- [Task]: What you return must be the full listing, word for word, with no images in it.

- [Data]:
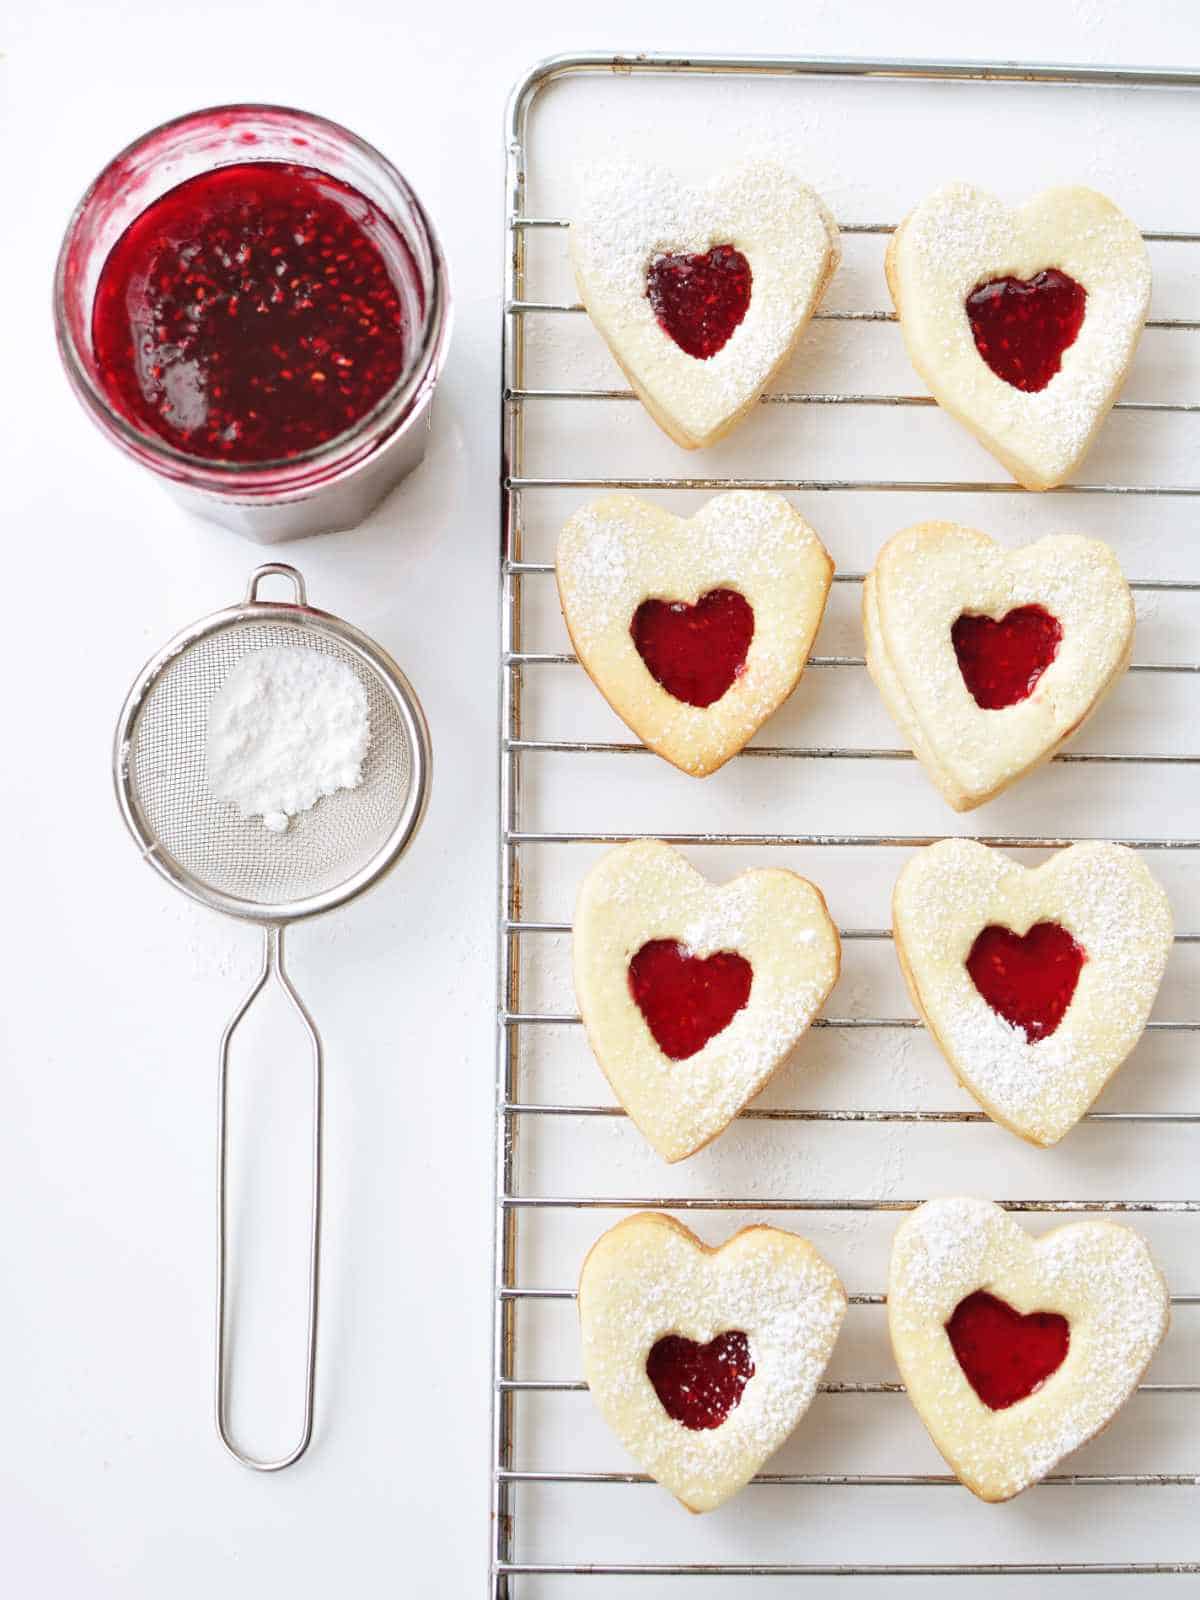 Heart shaped cookies put together as sandwich cookies. Sugar dusted top cutouts placed on hearts with raspberry jam on them.
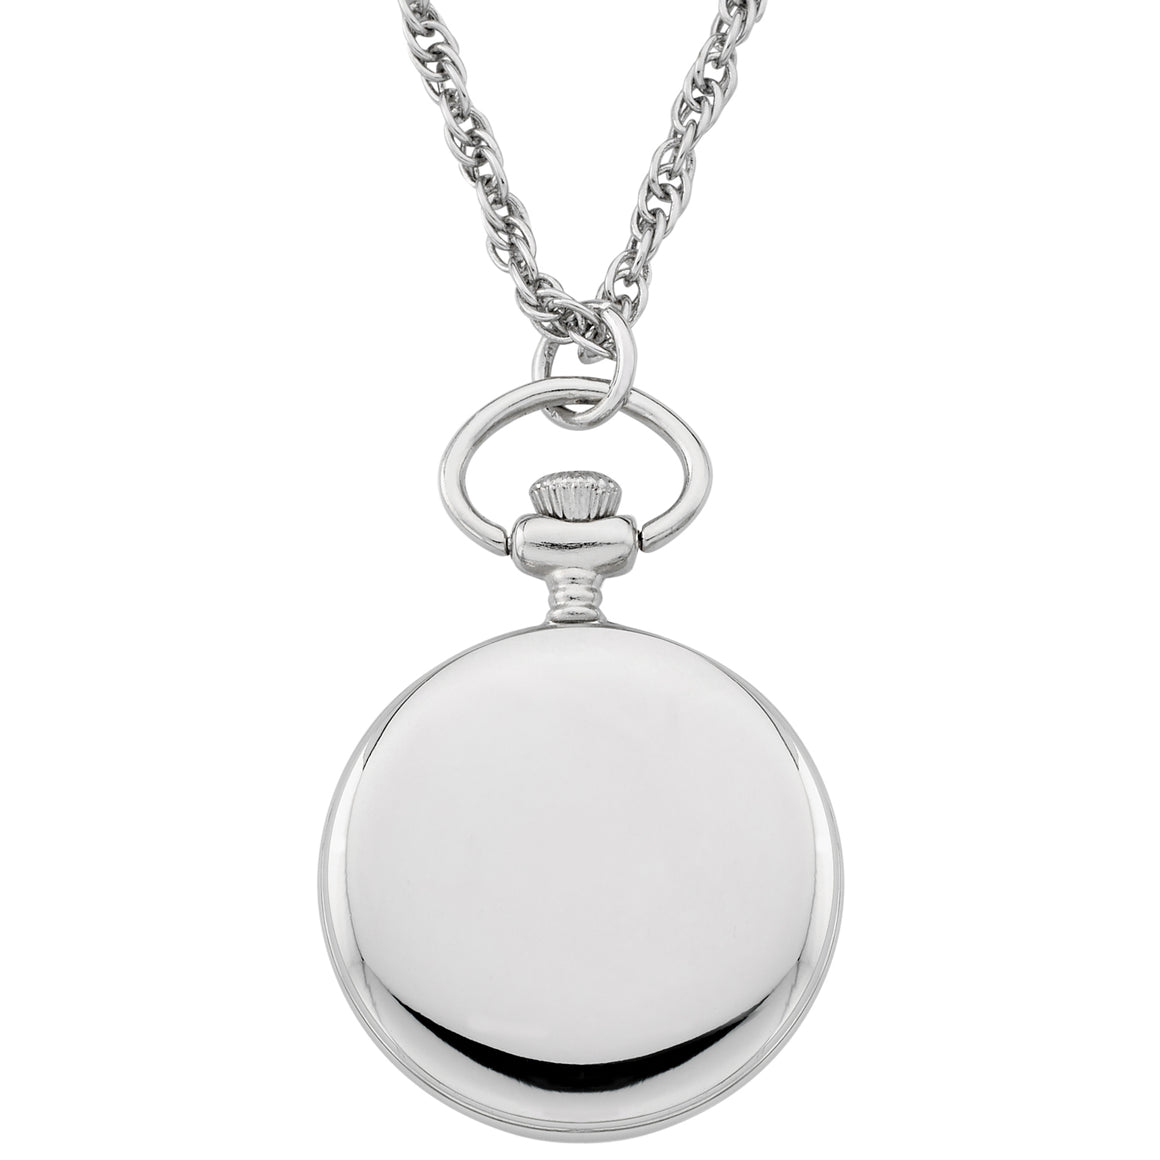 Gotham Women's Silver-Tone Open Face Pendant Watch with Chain # GWC14140SR
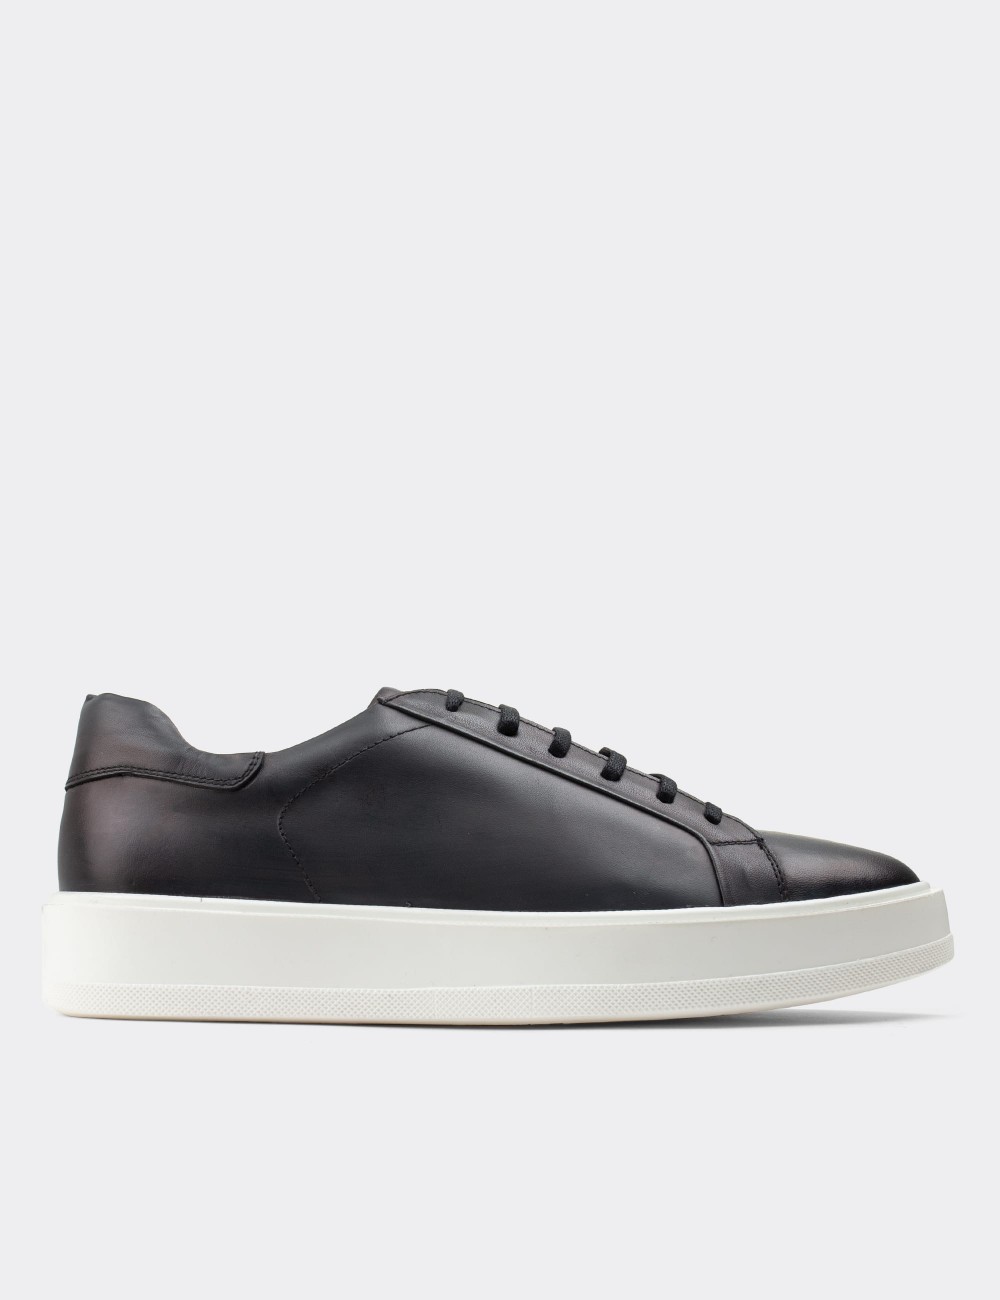 Gray  Leather Sneakers - 01829MGRIP02

- [Answer to the exercise]:
 Heart shaped cookies put together as sandwich cookies. Sugar dusted top cutouts placed on hearts with raspberry jam on them.
 Gotham Women's Silver-Tone Open Face Pendant Watch with Chain # GWC14140SR
 Gray  Leather Sneakers - 01829MGRIP02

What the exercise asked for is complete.